Two-thirds of Canadians (69 per cent) are still feeling good about their finances – but that’s a 5 per cent drop from last year according to a new poll by CIBC.
Leading the pessimism, unsurprisingly, are Alberta residents, who suffered a rough 2015 with a downturn in the oil industry and falling house prices. As a result, they’re downright heartbroken about their finances for the upcoming year with just 63 per cent of residents feeling positive – down from 84 per cent last year.
The oil industry may be mainly contained to Alberta, yet all Canadian residents, with the exception of those living in Manitoba and Saskatchewan, are feeling less confident compared to last year. The real culprit may have nothing to do with their area or residence; it may be something that affects all of us.
Debt Repayment Still a Major Concern
For the sixth year in a row paying down debt is the top financial goal of Canadians in 2016 according to a different poll also conducted by CIBC. With the debt to income ratio sitting at a record high for Canadians, it’s safe to say that some households are feeling the pressure.
Also read: Canada’s Debt-to-Income Ratio Hits 164.4%>
“Every year Canadians tell us they want to get out of the red” says Christina Kramer, executive vice president at CIBC. “Yet each following year debt reduction is still their top financial priority which indicates many are not making the headway they want,”
It doesn’t matter how old you are or what your job status is; reducing debt can be tough, especially if you taken on too much.
Steps to Reducing Debt
1. Create a realistic budget: Tracking your spending is the best way to get a realistic picture of where your money is going. Once you have the information, you can make adjustments to your spending and focus on reducing debt. It may also be worth switching to a cash only budget so you’ll only spend money that you have on hand.

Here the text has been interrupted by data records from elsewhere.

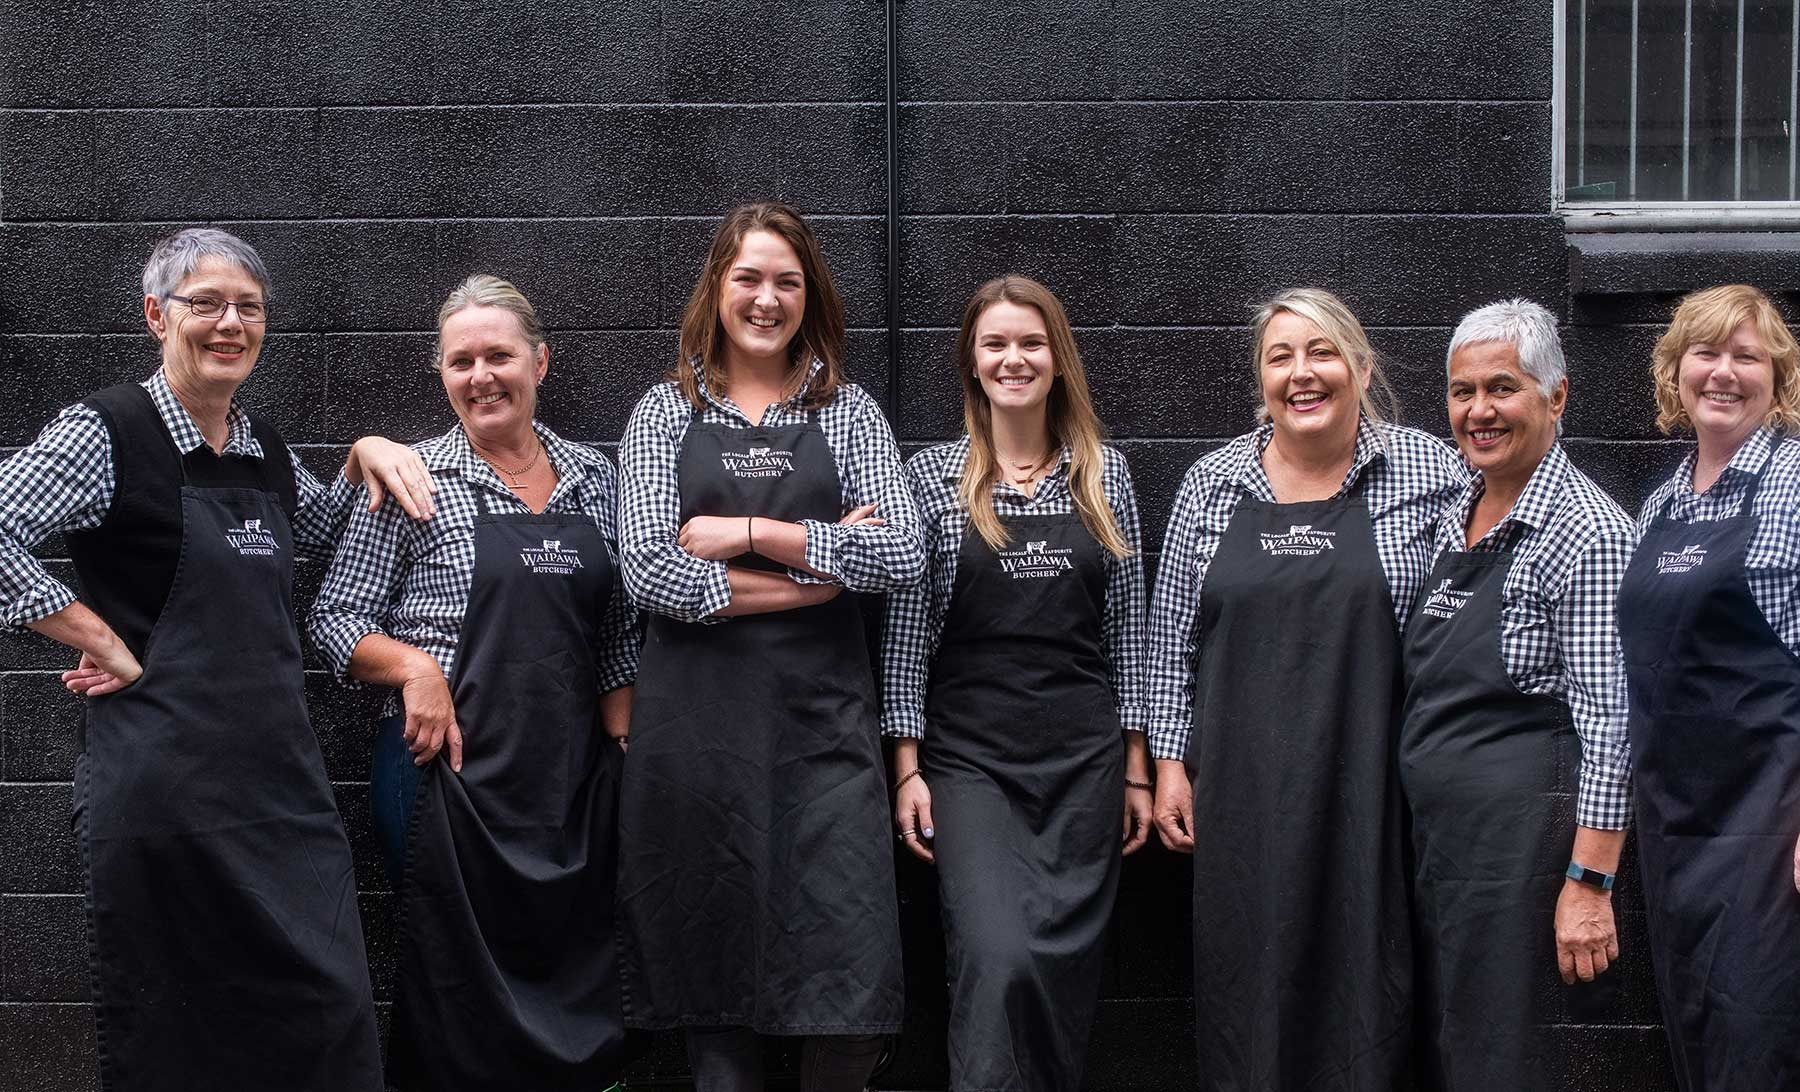 Waipawa-Butchery-Dec18-066-girl-team-web
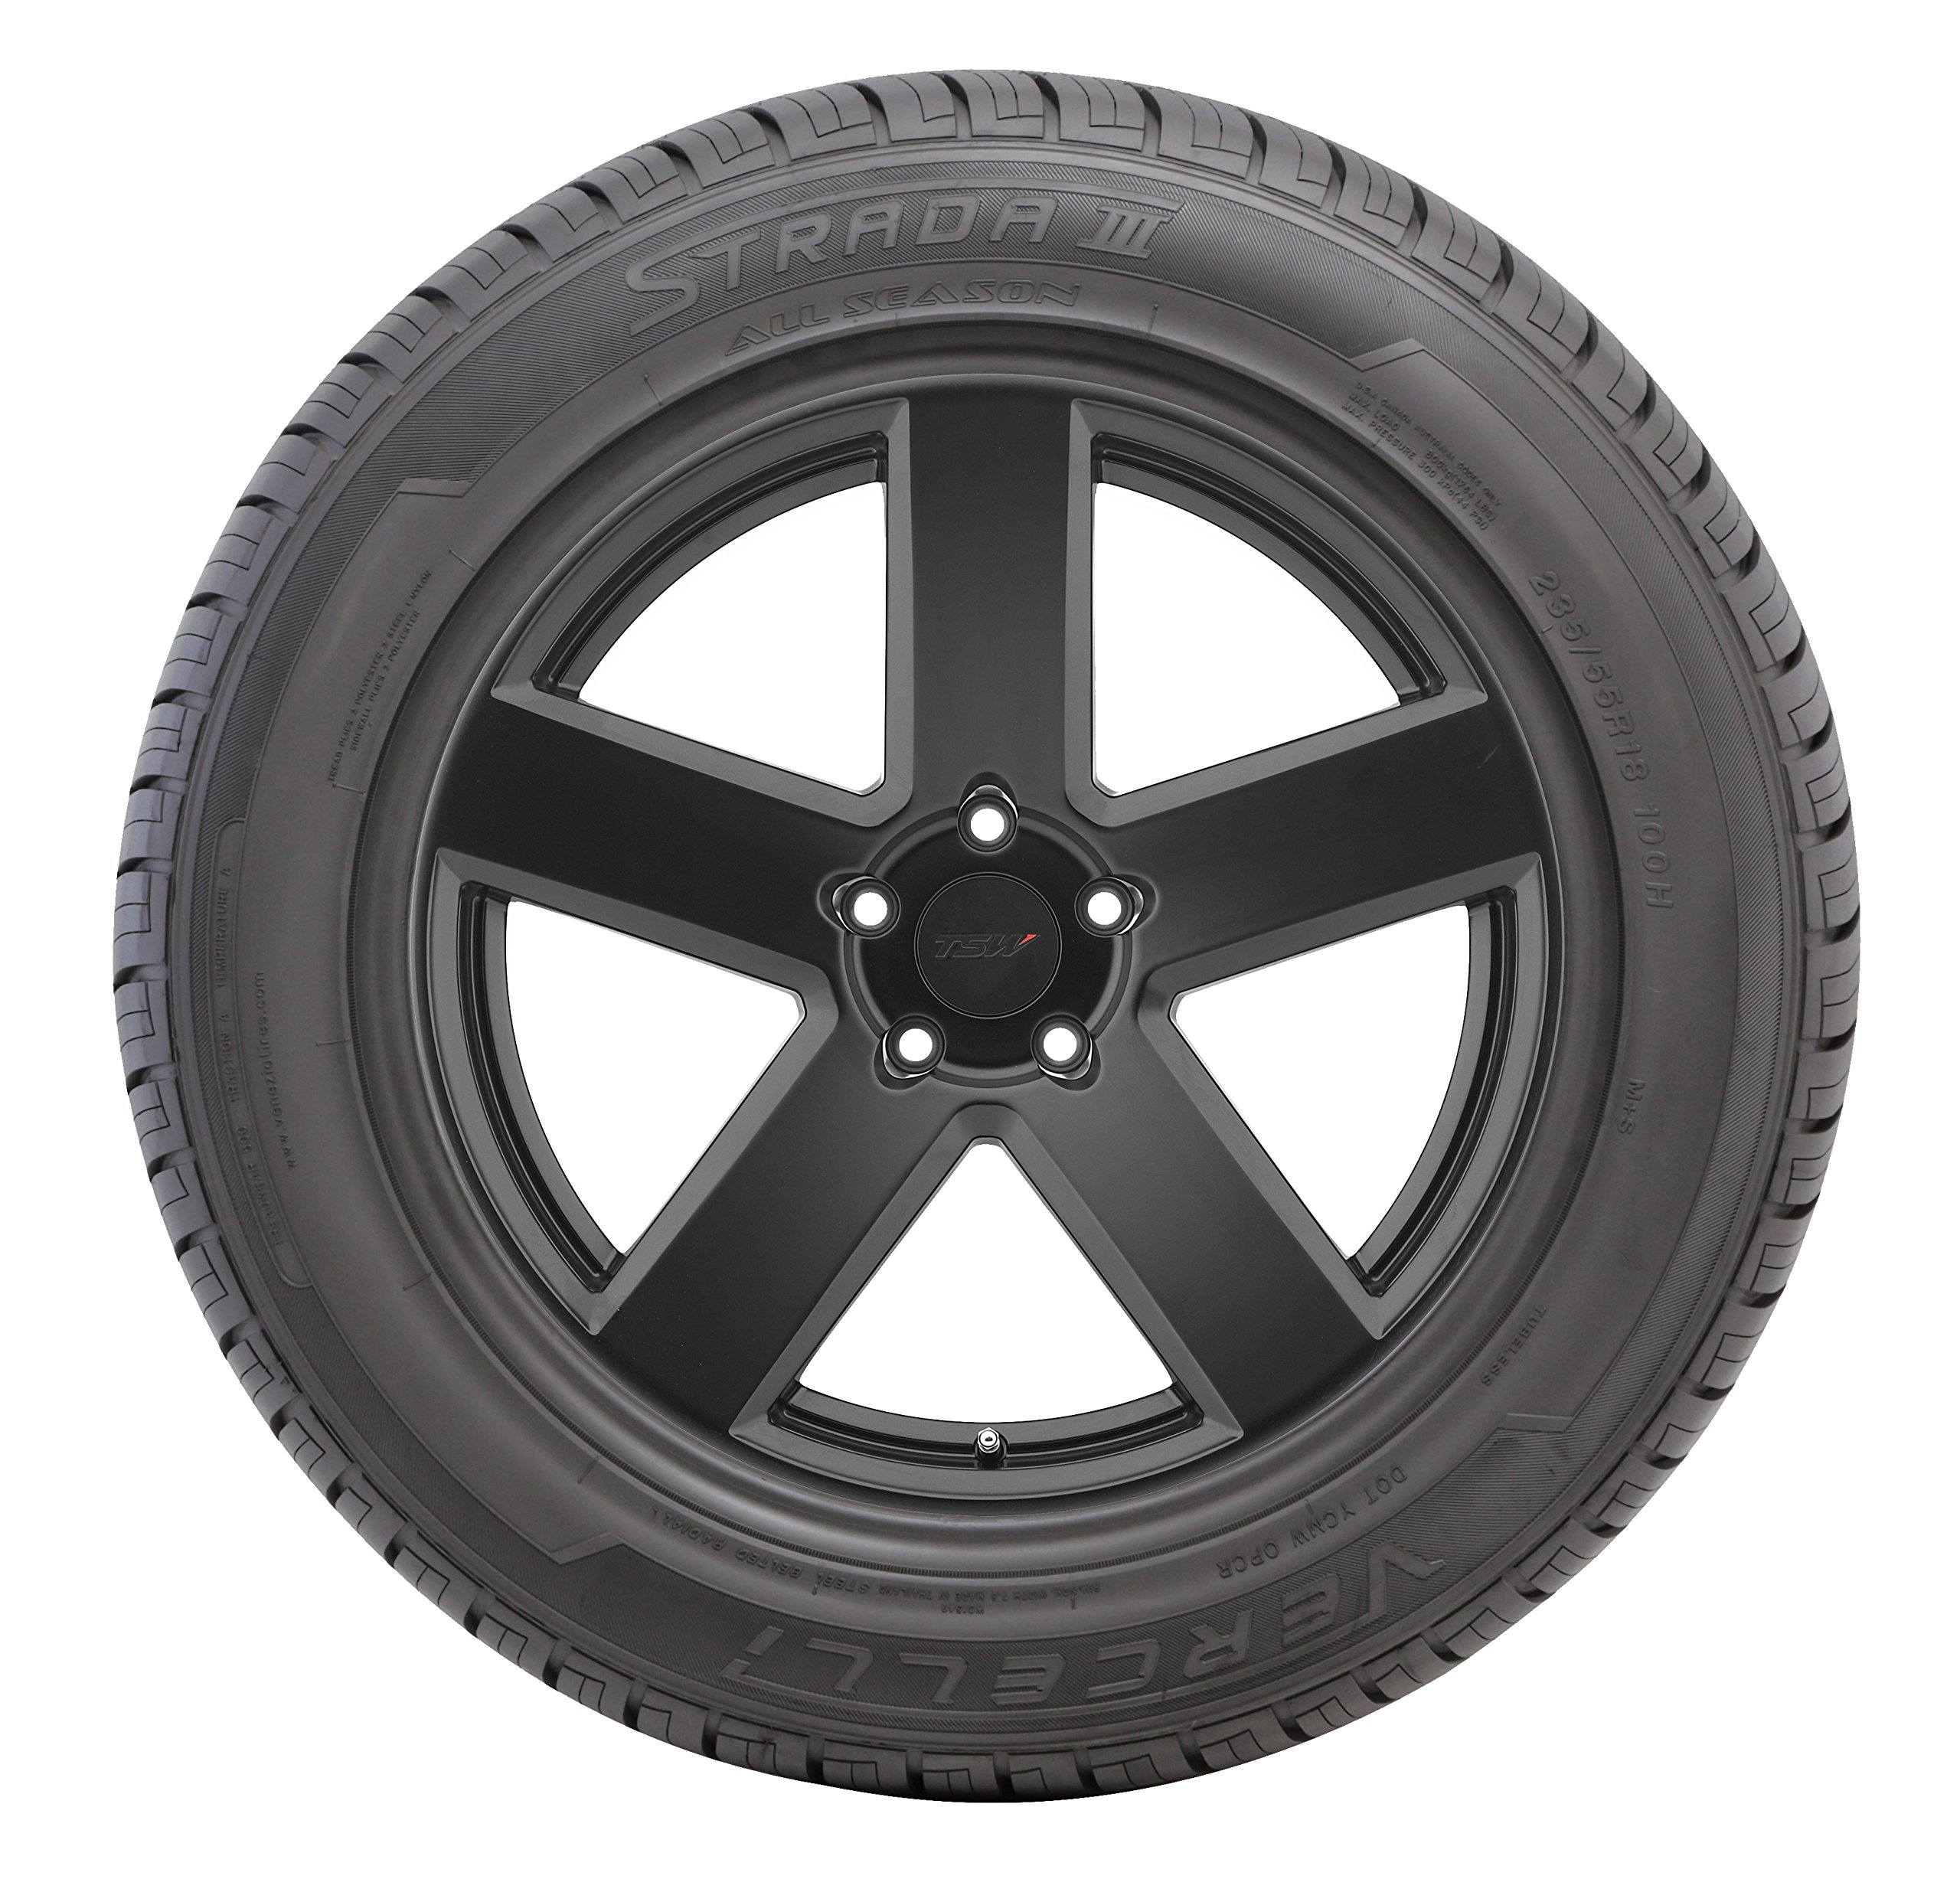 Vercelli Strada III All-Season Radial Tire - 235/55R18 100H by Vercelli (Image #4)
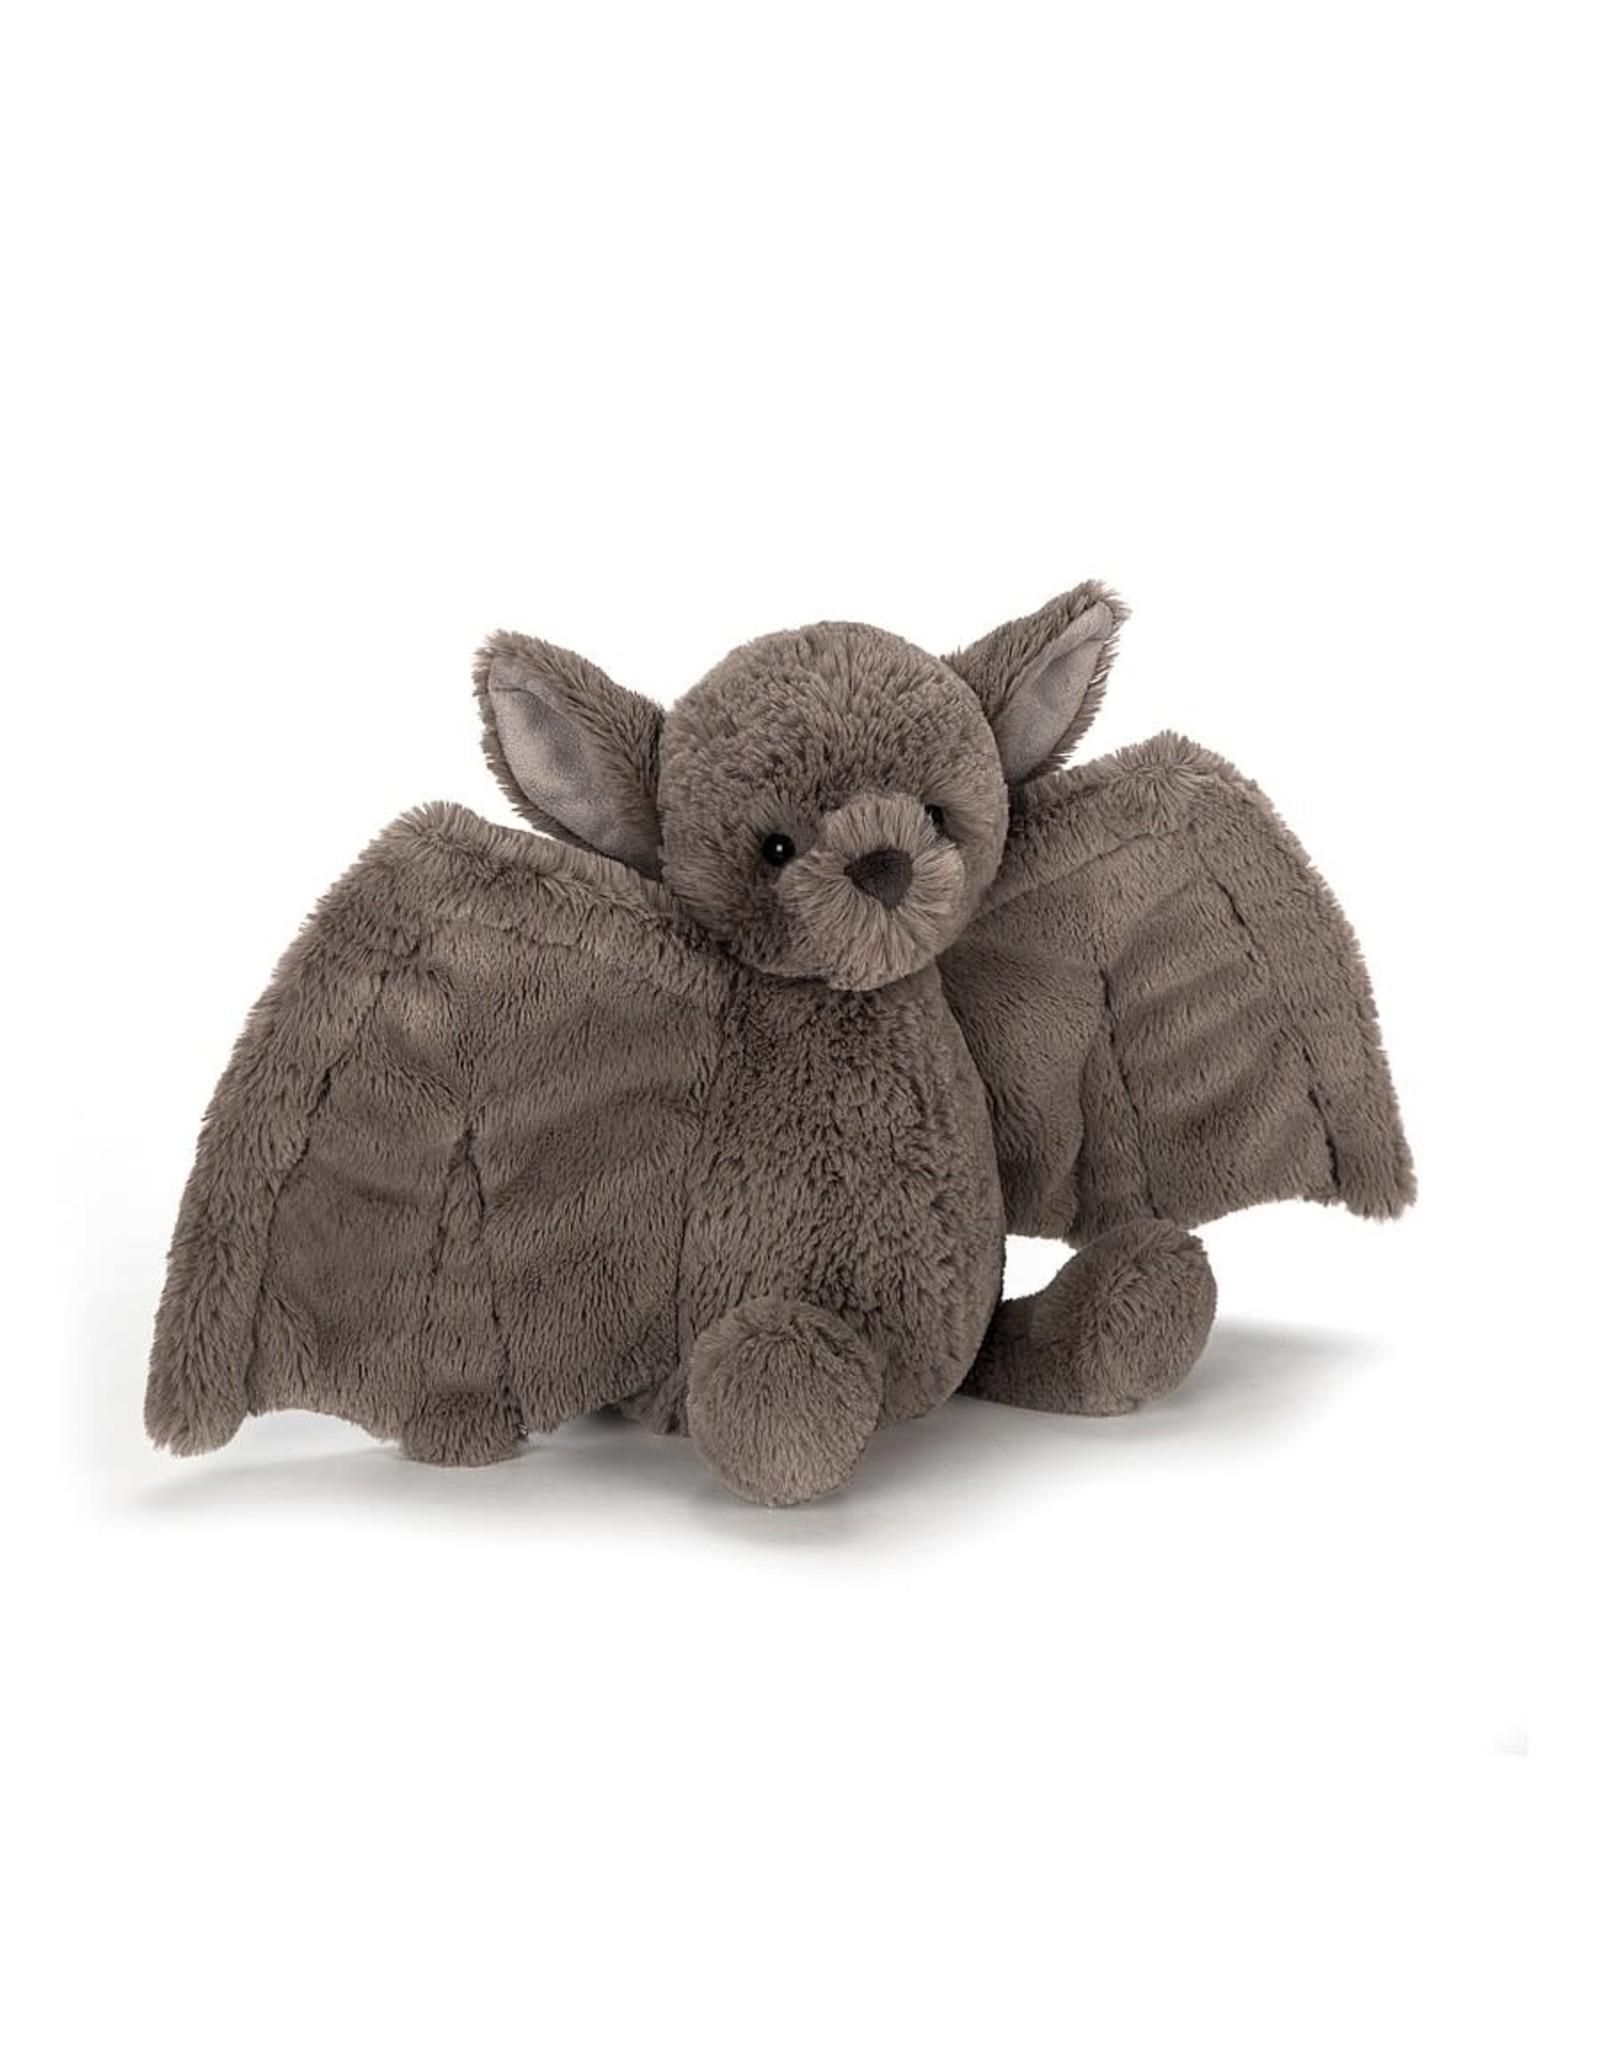 JELLYCAT JELLYCAT BASHFUL BAT SMALL

Also read: 3 Easy Steps to Track Spending>
2. Prioritize your debt: If you have multiple kinds of debt, create a list of what your balance and interest rates are. You want to prioritize high interest debts first, but keep in mind that making just the minimum payment will never get you back in the black.
3. Talk to a professional: If you’re finding your debt to me unmanageable, don’t be afraid to reach out for help. Credit Canada Debt Solutions is a free service that has helped more than 2,000,000 Canadians with their debt. You don’t need to be near bankruptcy to work with them; they help anyone who’s looking for a solution to their debt.
Being Realistic About the Situation
Interesting enough, 80 per cent of those surveyed are confident they’ll meet their future financial goals. It’s great to see that they’re optimistic, but that doesn’t address their current situations. The start of 2016 saw stock markets drop around the world, and the most recent announcement from the Bank of Canada doesn’t exactly scream confidence.
Canadians have become so focused on debt reduction that they have started to ignore other parts of their finances. Confidence alone won’t help you establish an emergency fund, save for retirement, or contribute to your child’s RESP – those require year-round attention.
Without some kind of financial plan in place, it’s not realistic to think that you’ll achieve your financial goals in the present or the future.